HISTORY, DISTRIBUTION AND IMPORTANCE

Described by Ahlawat (1989) as a disease with ringspot symptoms mainly affecting Kinnow mandarin. Thought at the time to be related to psorosis A, but there were no bark-scaling symptoms, and the flecking, vein-clearing and ringspots persisted in mature leaves, indicating that the disease was different from psorosis. First observed in Kinnow mandarin mother trees at Punjab Agricultural University, Abohar. This material was initially imported and all the Kinnow mandarin in the country has been propagated from this source. The presence of 100% infection in Kinnow mandarin suggests that the virus might have been introduced through the imported material. Flexuous filamentous virus-like particles were found in leaf extracts of graft-inoculated Mosambi sweet orange (Byadgi et al., 1993) and the disease was further studied by Byadgi & Ahlawat (1995). The virus was mechanically inoculated to Chenopodium quinoa, producing local lesions, and to French bean Phaseolus vulgaris cv ‘Saxa’, giving systemic infection; it was purified and partially sequenced; antisera and molecular reagents were prepared (Rustici et al., 2000). Mechanical inoculation had been attempted before (Byadgi & Ahlawat, 1995) but without success because greenhouse temperatures were too high. Later the viral genome was fully sequenced, and as a result a new species, Indian citrus ringspot virus (ICRSV) in the genus, Mandarivirus, within the family Flexiviridae was proposed (Rustici et al., 2002; Adams et al., 2004; Adams et al., 2005). Virus-free stock produced by shoot-tip grafting, and indexing by ISEM, ELISA, PCR and dot-blot hybridization, is now becoming available (Hoa & Ahlawat, 2004; Hoa et al., 2004).
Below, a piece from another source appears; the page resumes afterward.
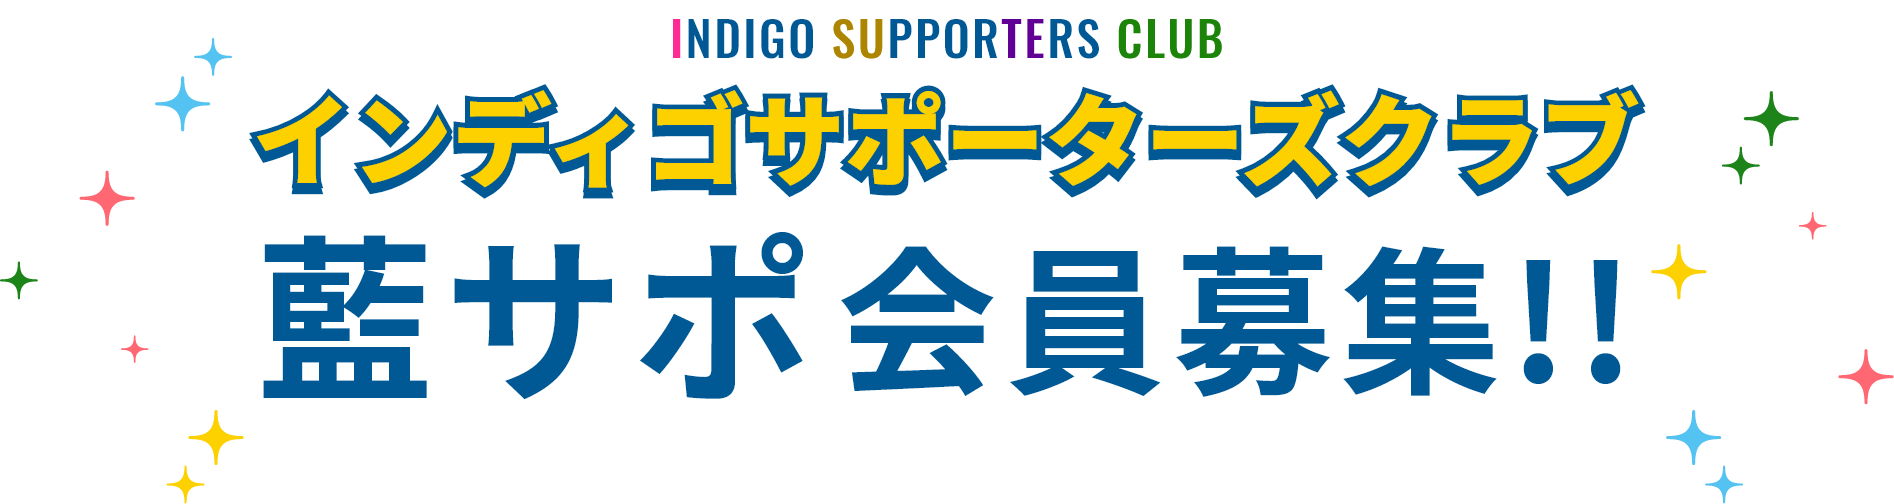 インディゴサポーターズクラブ藍サポ会員募集!!

The disease is very widespread (up to 100%) in most Kinnow mandarin orchards in northern India, especially Punjab (Ahlawat & Pant, 2003). The incidence in sweet orange, in 1989, was 20-50% in Maharashtra, Andra Pradesh and Karnataka provinces. In the rootstocks Sohsarkar (Citrus karna) and Karna khatta, incidence was around 55%, but was only 7% in Troyer citrange (Ahlawat & Pant, 2003). Not reported outside India but could be present.

Kinnow mandarin and Mosambi sweet orange, widely grown in India, are both highly susceptible. Other varieties affected are listed under Natural Host Range, below. There has been little or no healthy planting material available, with resulting very high and widespread losses to this disease, estimated as 20-98% in different areas (Byadgi & Ahlawat, 1995; Hoa & Ahlawat, 2004).

 

 

NAME OF DISEASE AND SYNONYMS

The only established name of the disease is ‘Indian citrus ringspot’, though in the past, names such as ‘citrus ringspot’ or ‘psorosis’ were used.

 

 

SYMPTOMATOLOGY

 

General aspect of affected tree

Trees develop a thin canopy, and dieback symptoms leading to death after a few years.

 

Symptoms on trunk, limbs and shoots

There is no bark-scaling or diagnostic symptom on trunk or limbs.

 

Symptoms on leaves

On leaves of Mosambi sweet orange, vein-clearing, vein-banding and flecking develop in young leaves but then persist in mature leaves. Ringspots may develop. In Kinnow mandarin, conspicuous yellow ringspots with green centers develop in mature leaves (Ir. 01); necrotic spots develop in leaves of graft-inoculated King mandarin (Hoa & Ahlawat, 2004). The ringspots on Kinnow are present from December to February when the temperature in northern India is low; for the rest of the year no symptoms are visible on field trees.

 

Symptoms on fruit

Fruit is reduced in quantity and quality, but without specific symptoms.

 

Histological and cytological symptoms

Histological symptoms not described. In thin sections of systemically infected ‘Saxa’ bean leaves, abundant virus particles were seen by EM in the cytoplasm (Ir. 02, 03) but without any specific or diagnostic cytopathology (Rustici et al, 2000).

 

 

CAUSAL AGENT: DESCRIPTION AND PROPERTIES

The disease appears to be caused by Indian citrus ringspot virus, the only current member of the genus Mandarivirus in the family Flexiviridae (Adams et al., 2004, 2005). However, purified virion preparations or infectious RNA have not yet been reintroduced into citrus, reproducing the disease. The virions, of 650 nm modal length and about 13 nm in diameter, are flexuous rods with a distinct zipper-like structure (Ir. 04, 05). There is a single coat protein of 34 kDa (325 aa) and one molecule of positive-strand ssRNA 7560 nt in length excluding the poly-A tail. The first five open reading frames somewhat resemble those of potexviruses but there is a sixth ORF as in carla- and allexiviruses. The particles are relatively robust, easily purified, and highly immunogenic.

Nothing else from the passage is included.